Moreover, those of skill in the art will appreciate that the subject innovation may be practiced with other computer system configurations, including single-processor or multi-processor computer systems, minicomputers, mainframe computers, as well as personal computers, hand-held computing devices, microprocessor-based or programmable consumer electronics, and the like, each of which may operatively communicate with one or more associated devices. The illustrated aspects of the claimed subject matter may also be practiced in distributed computing environments wherein certain tasks are performed by remote processing devices that are linked through a communications network.
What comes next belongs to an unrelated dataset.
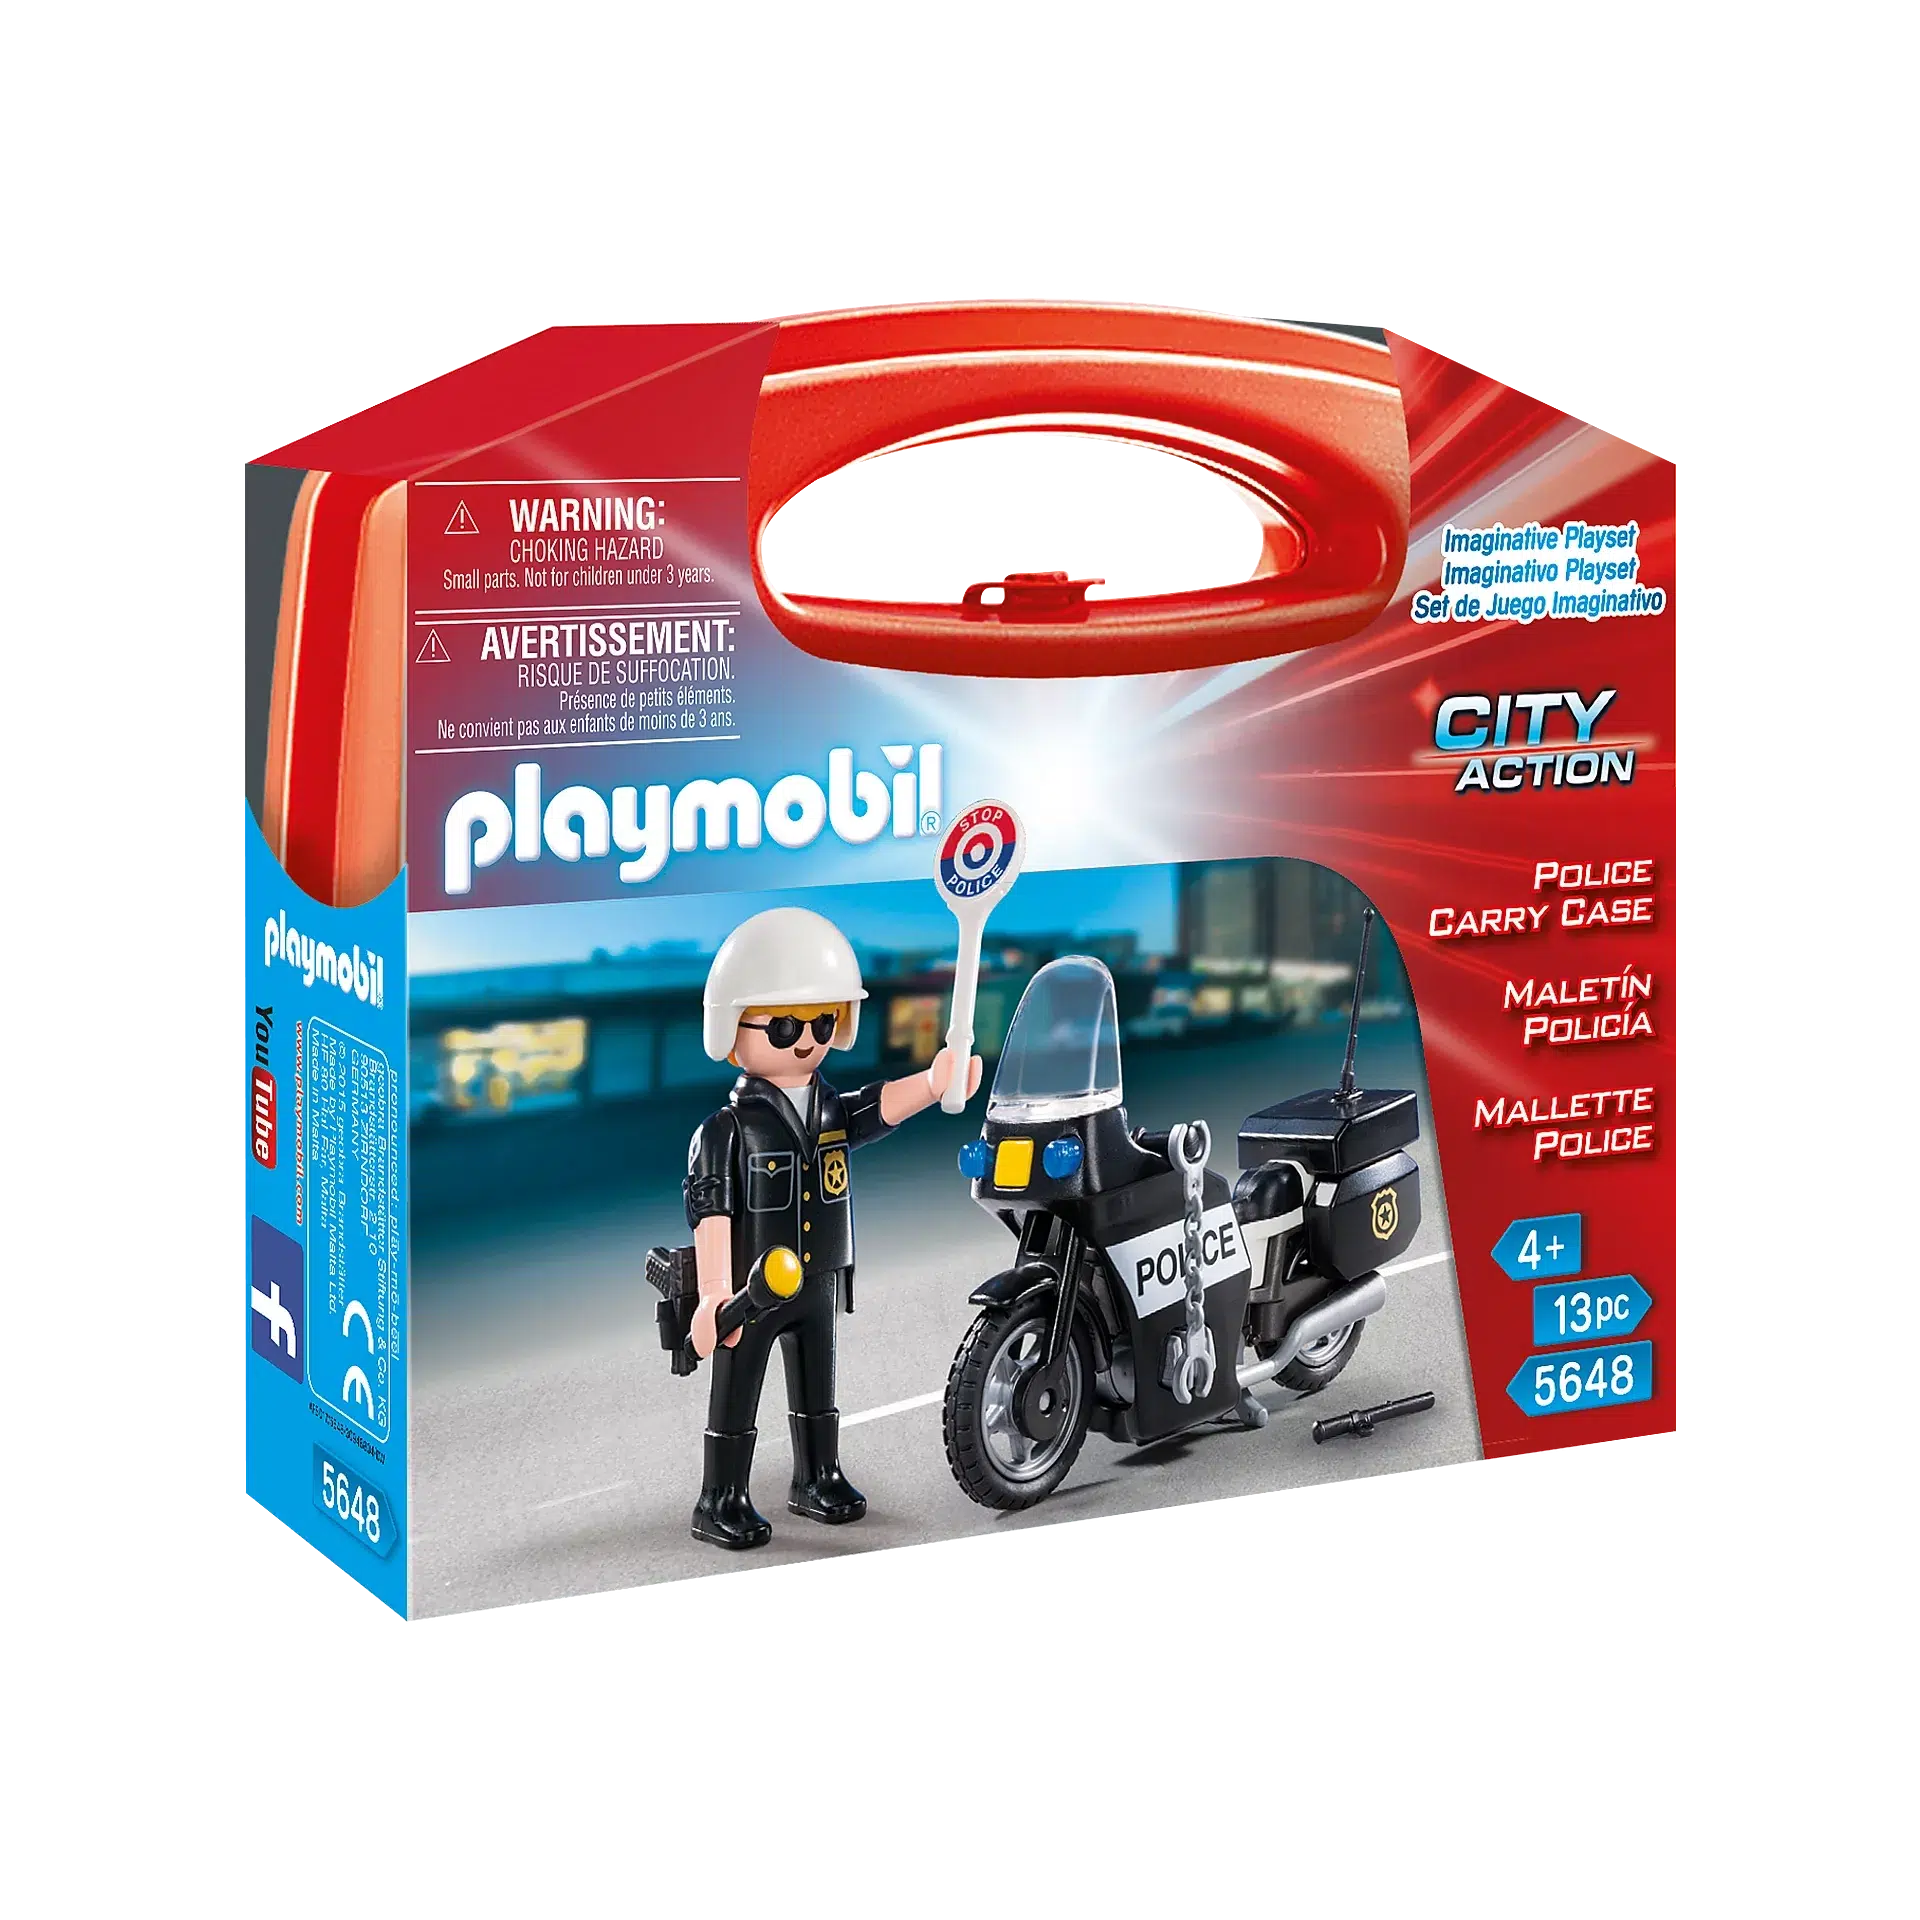 Playmobil-City Action - Police Carry Case-5648-Legacy Toys

However, some, if not all, aspects of the subject innovation may be practiced on stand-alone computers. In a distributed computing environment, program modules may be located in local or remote memory storage devices.
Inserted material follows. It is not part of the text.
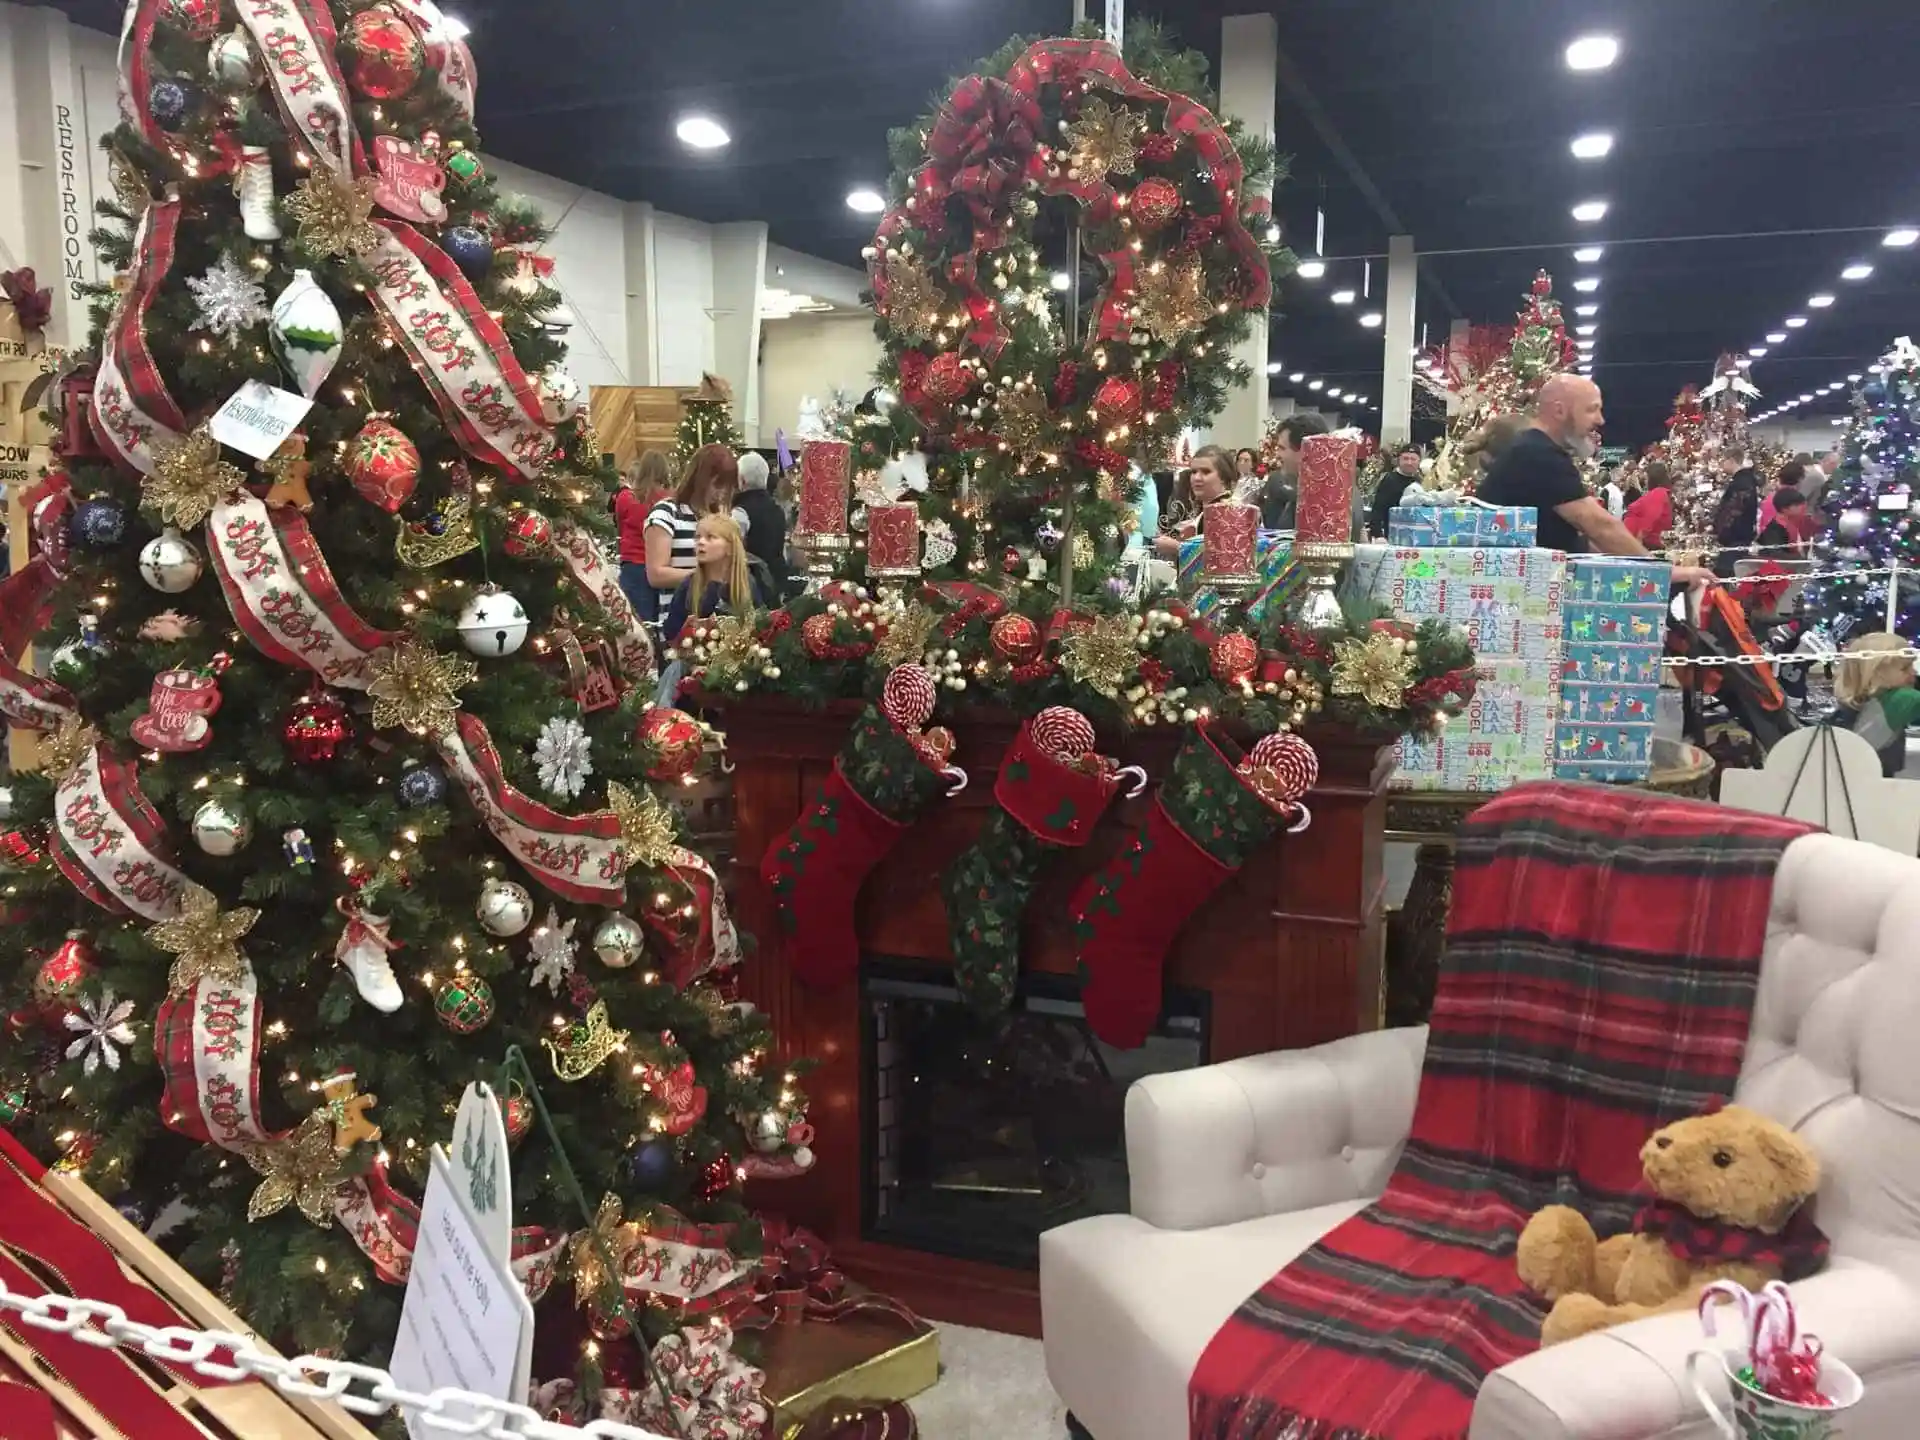 There are so many Christmas tree displays at the Festival of Trees

FIG. 1 is a block diagram of a networking environment 100 that may be used to implement a method and system for model based video projection. The networking environment 100 includes one or more client(s) 102. The client(s) 102 can be hardware and/or software (e.g., threads, processes, or computing devices). The networking environment 100 also includes one or more server(s) 104. The server(s) 104 can be hardware and/or software (e.g., threads, processes, or computing devices). The servers 104 can house threads to perform search operations by employing the subject innovation, for example.
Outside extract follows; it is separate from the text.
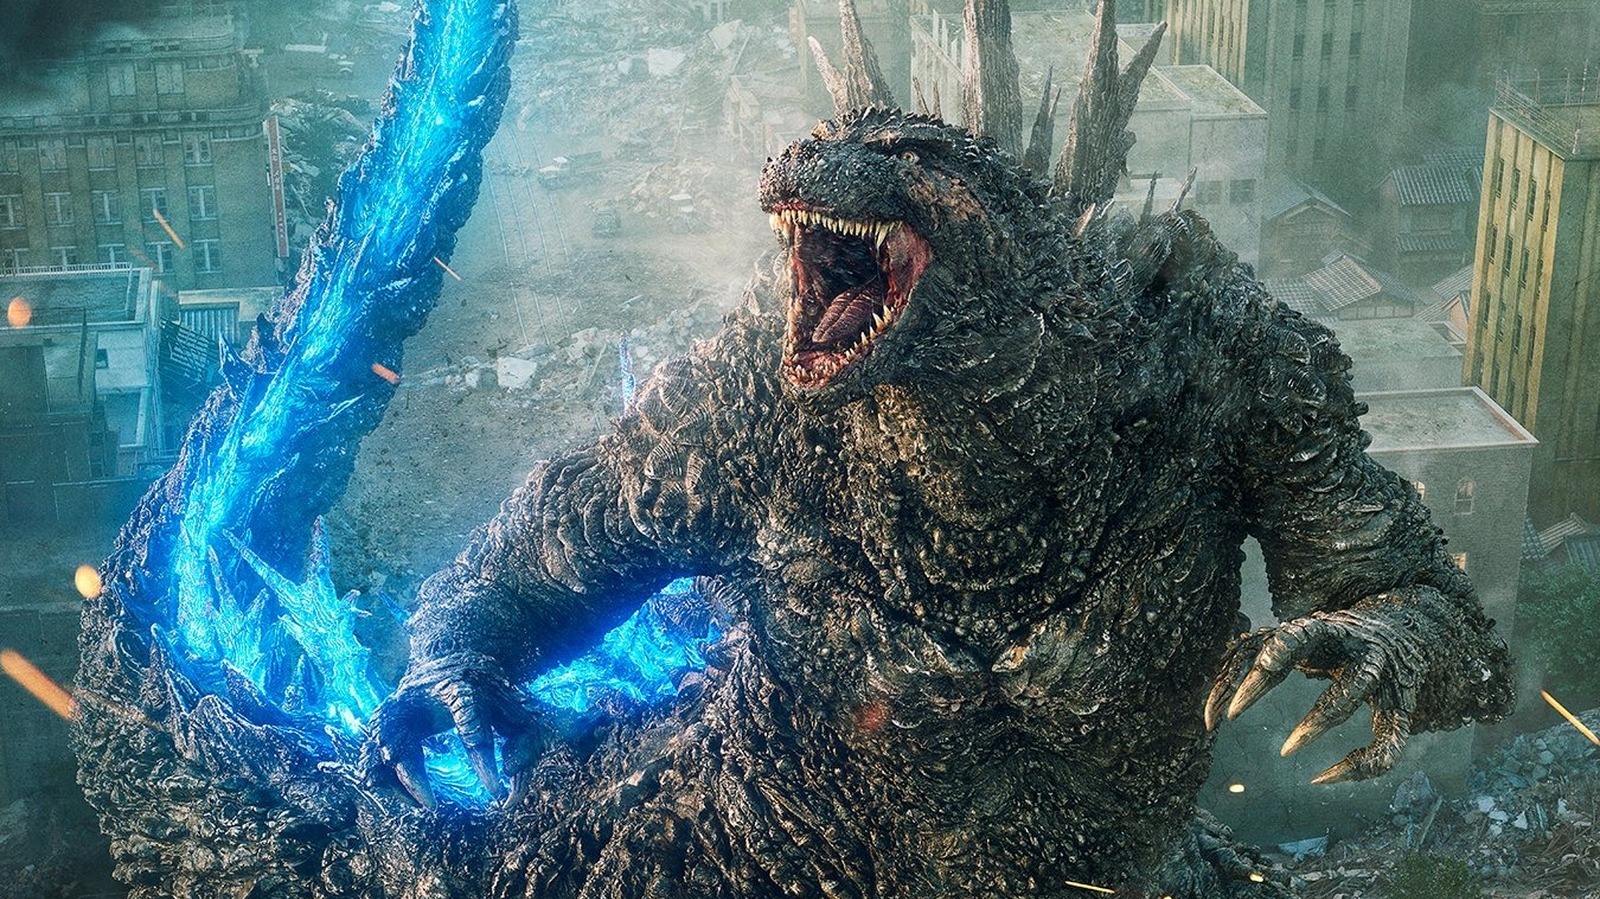 Godzilla Minus One's Strangest Reveal Raises All Kinds Of Unanswered Questions

One possible communication between a client 102 and a server 104 can be in the form of a data packet adapted to be transmitted between two or more computer processes. The networking environment 100 includes a communication framework 108 that can be employed to facilitate communications between the client(s) 102 and the server(s) 104. The client(s) 102 are operably connected to one or more client data store(s) 110 that can be employed to store information local to the client(s) 102. The client data store(s) 110 may be stored in the client(s) 102, or may be located remotely, such as in a cloud server. Similarly, the server(s) 104 are operably connected to one or more server data store(s) 106 that can be employed to store information local to the servers 104.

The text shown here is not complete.